A lot of young people get over their head with credit. I don't think that's you, but just be careful. It isn't the bank's job to keep you from overspending. That is your responsibility and getting behind is the one thing you don't want to do.


----------



## HuntingHawk (Dec 16, 2012)

Credit card is based on percentage of what your balance is. But not sure how they use that percentage. And not sure if your limit has anything to do with it.

Mortgage is based on taxed value which is often 20% below market value.

Auto loan is also based on percentage. What Kelly Blue Book value is compared to what you owe. That is base value of the vehicle.

If you don't have a mortgage they ASSume you rent. I own my home outright so that hurts my credit score.


----------



## HuntingHawk (Dec 16, 2012)

The way paying off something early is it raises your credit score faster. But eventually that score would not be any higher if you paid on time or early.


----------



## Camel923 (Aug 13, 2014)

First, what is your credit score? That is the starting point. Get copies of your credit history from all three major credit reporting companies (Experian, Equifax, Transunion) and see what is on there. I once did that and found about 30 negative items that did not belong to me. Oh the reprehensive will contest anything you say but logically a one year old is not going to open a revolving charge account. Similar name, address close to yours, etc. are all reasons to screw up your credit. Know the law and how long a repossession stays on your report. I know bankruptcy can only stay on for 7 years. Keep in mind every time you apply for credit your score will temporarily go down. The dealership will shoot out your info to about 12 banks at once and each inquiry from each bank will drop your score.


----------



## Tennessee (Feb 1, 2014)

Arklatex said:


> Hi, I have a crappy credit score. I was recently interested in purchasing a new to me vehicle. Talks with the credit union resulted in some distressing information. For a vehicle loan they want to charge me around 10% interest. Outrageous in my opinion. I have not gone to a dealership yet so I do not know what their interest rates are for folks with my score.
> 
> Some generic background. All bills are setup with automatic payment. I am never late. The only revolving lines of credit I have is a charge card with Home Depot that I used once to buy a new washer and dryer. I paid them off early (mistake, hindsight is 20/20) and have not used it since. I have taken out several small loans over the last few years from my credit union. All were under 3 grand and we're for fun stuff like vacations and big boy toys. One was paid off early (hindsight) and the others were all paid as per the terms. 7 years ago I had a vehicle repossession due to a layoff. That must be a big part of the problem. I also think the fact that I generally do not finance things is an issue that has risen to bite me in the butt. I usually just save up and buy outright. Don't like payments or living beyond my means. But I cannot afford to outright buy the vehicle I would like... it costs too much! I am not about to cash in my retirement funds for a truck!
> 
> ...


Get a Credit Card only if you don't have credit, but not to fix a low credit score. If you have a low credit score getting rid of your CC will increase your score. Because it will decrease your risk of debt. Also if you apply for a CC it will increase risk of debt and decrease your credit score.

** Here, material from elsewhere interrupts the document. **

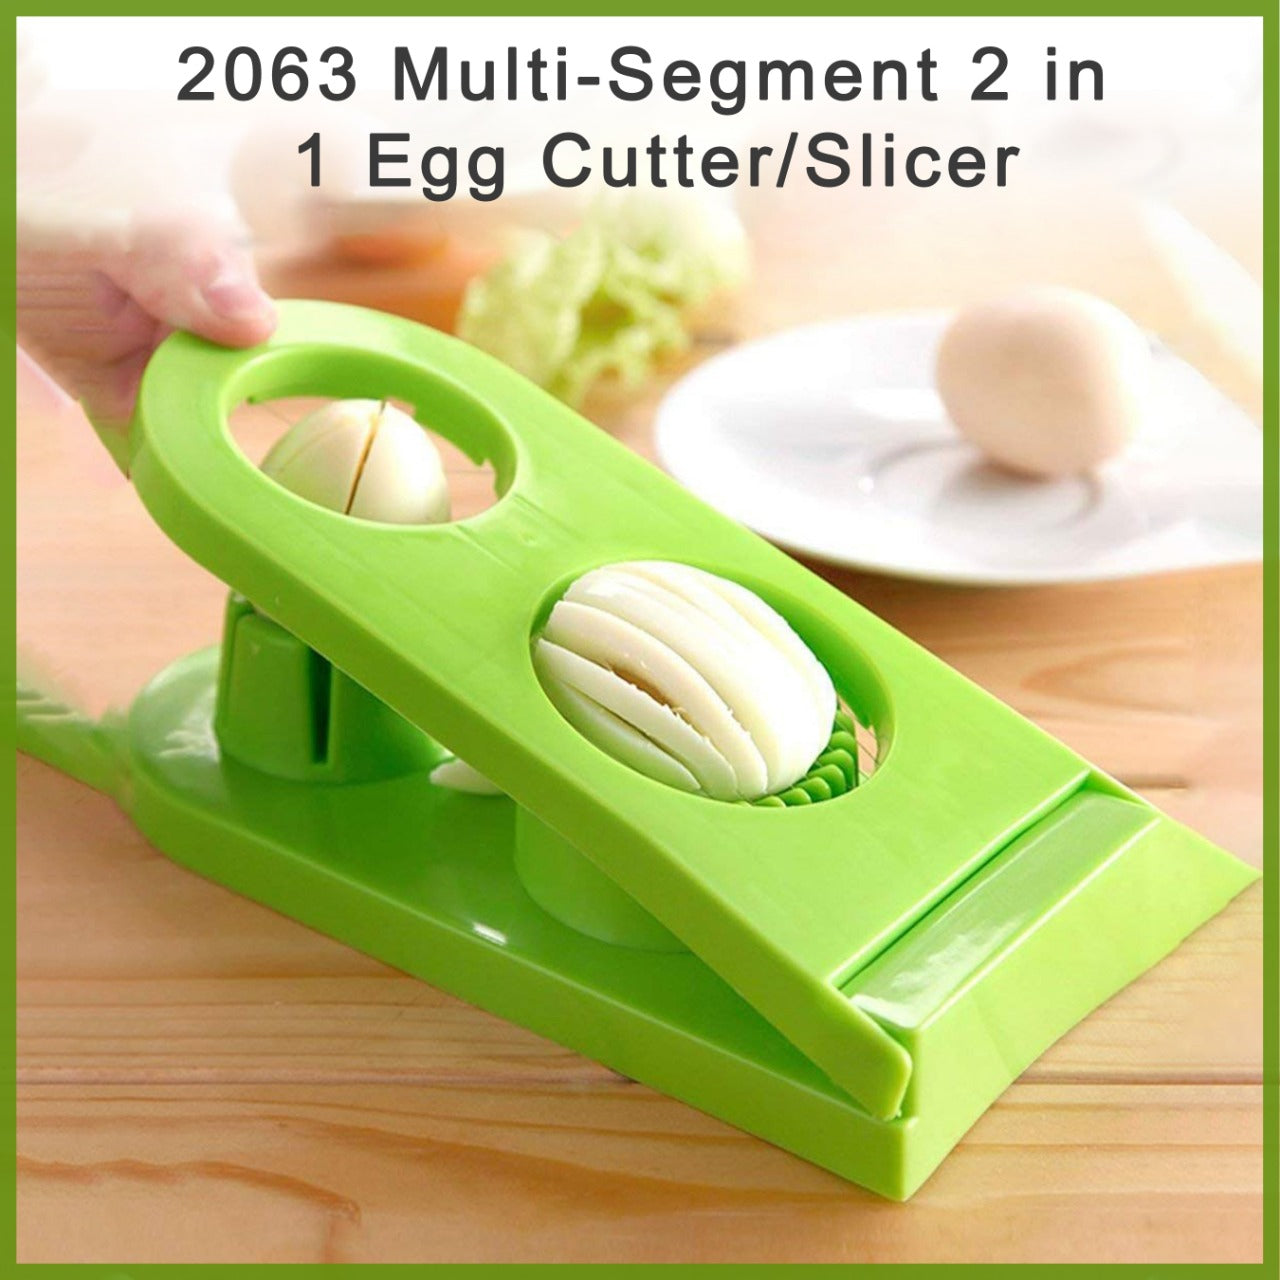 2063 Multi-Segment 2 in 1 Egg Cutter/Slicer JK Trends
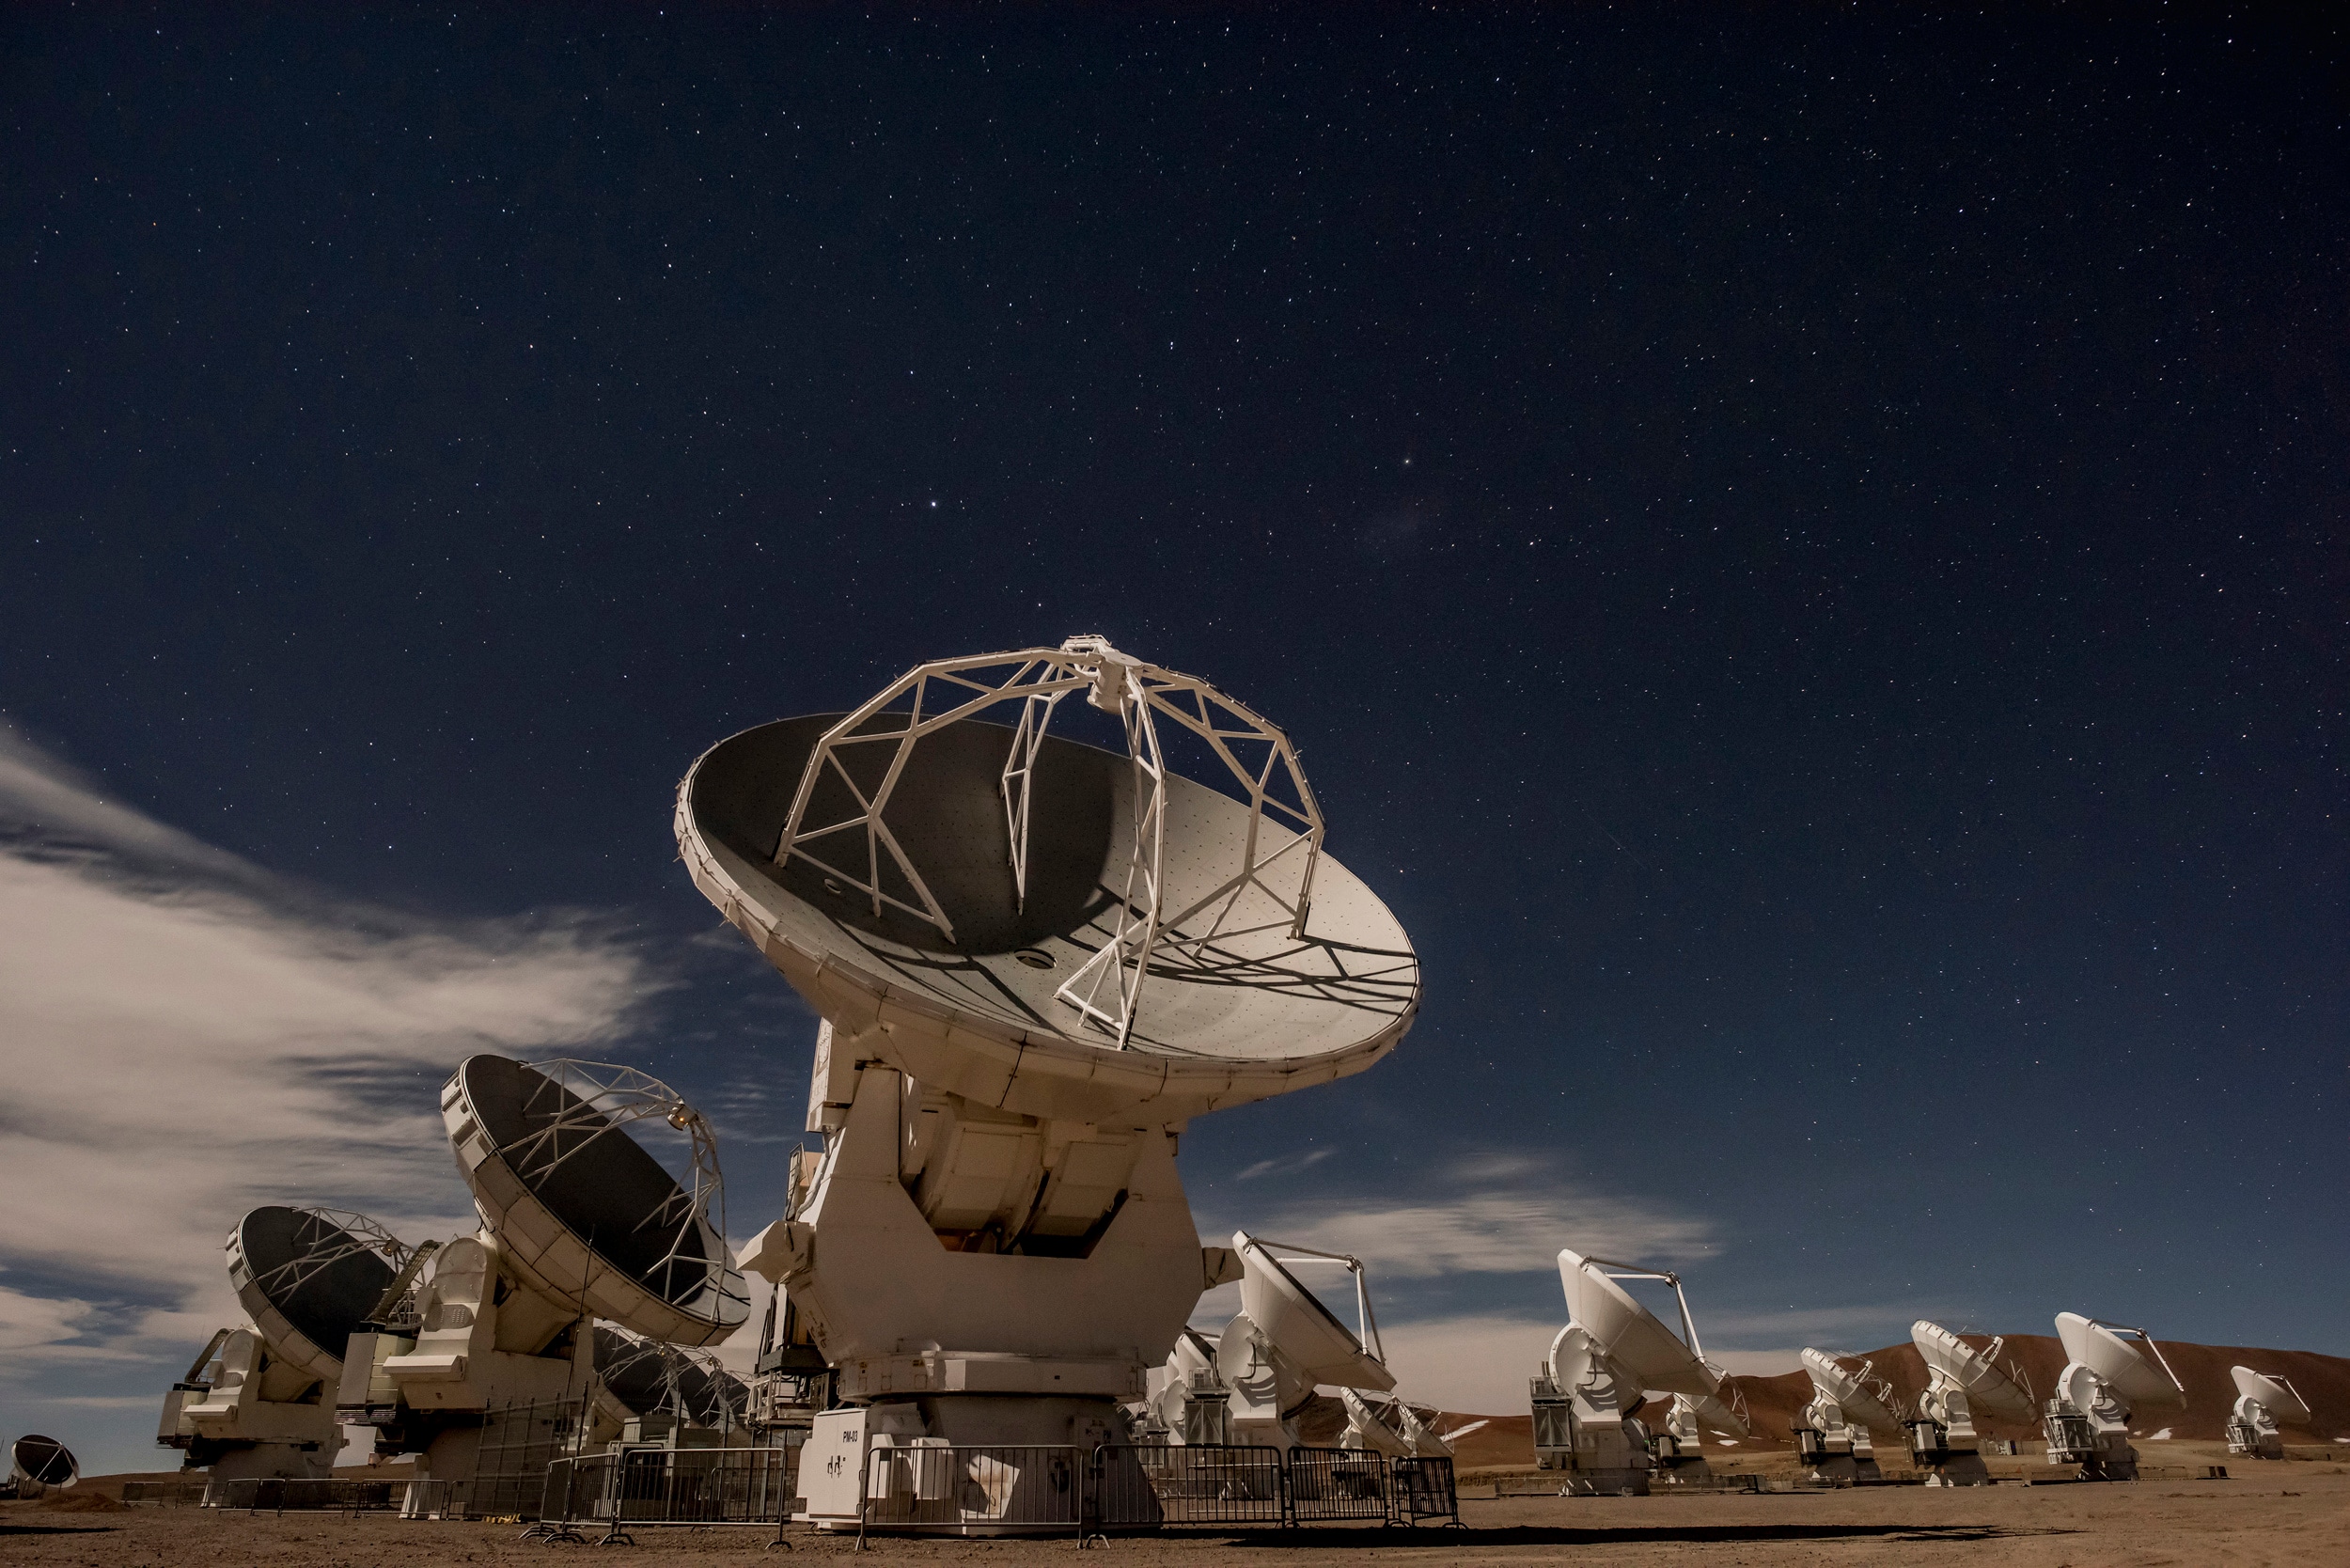 Alcune delle 66 antenne mobili di Atacama Large Millime Ter submillimeter Array ALMA nel deserto di Atacama in Cile.

The best way to increase you score is to pay your bills before or on their due date and decrease you debt.


----------



## Slippy (Nov 14, 2013)

First, do not take out the car loan with a 10% interest rate. In my opinion, do not buy the car on credit unless you get 0%. 

The Repo is the one thing that is killing your score and time is the only thing that will solve that problem. You are a few years older than my son's and I would never tell them to get a credit CARD so I'll tell you the same. 

But there are a few ways around that to help your score and not put yourself into the SLAVE to the LENDER situation; 

My Credit Union offers a VISA account. When I opened the account many years ago they sent me a CARD, I immediately destroyed the CARD but kept the account open. Since I don't have the actual card, I cannot use it on stupid impulse buys that tend to get people in credit trouble.

I use the account mainly as an emergency "fund" as well as to keep my score high. A few times a year I'll the use the Visa Account to buy something by transferring the borrowed funds into my checking account and using cash for the purchase. 

BUT here's the kicker, I SAVE THE MONEY FOR IT FIRST. As with most banks and credit unions I can do it all using transfers within my credit union accounts on line. 

I do have a couple of mortgages for investment property that the total of the loans are only about 30% of my annual income (think small slum lord type real estate that I'll hold for a year or so then sell or pay off if I can). I also use an American Express for Reimbursed Business Travel (and monthly whiskey purchases) but AMEX gets paid monthly. That's it, no other debt. My credit score (average of the 3 reporting agencies) was about 814 last I looked. You can maintain a good credit score without going in debt.

DEBT is BAD, CREDIT is GOOD but it needs to be managed.


----------



## Kauboy (May 12, 2014)

You could take the Dave Ramsey approach, and disregard credit altogether.
He likes to claim that his credit score is zero because he has no debt, or anything tied to debt.
When you have the cash, credit doesn't matter. We've become a culture that pretends it does.

Just a thought.


----------



## Arklatex (May 24, 2014)

Thanks everyone. When I was at the credit union asking about the loan the banker told me what my score was. I need to get the report though. That will be my next step. I think the consensus so far is that I simply do not have much history. Only a handful of loans. No mortgage. 1 repo a long time time ago due to job layoff. I don't think they care about excuses though.  I'll go and check out the report to see what all is on there. Thanks again.


----------



## Kauboy (May 12, 2014)

For those that may not know, you can visit annualcreditreport.com to get a free credit report from each of the three credit agencies in the US.
You can only get 1 free one per year, so it can be good practice to get one from one agency every 3 months in a revolving cycle.
They used to provide your score, but now ask for extra in a full fledged report.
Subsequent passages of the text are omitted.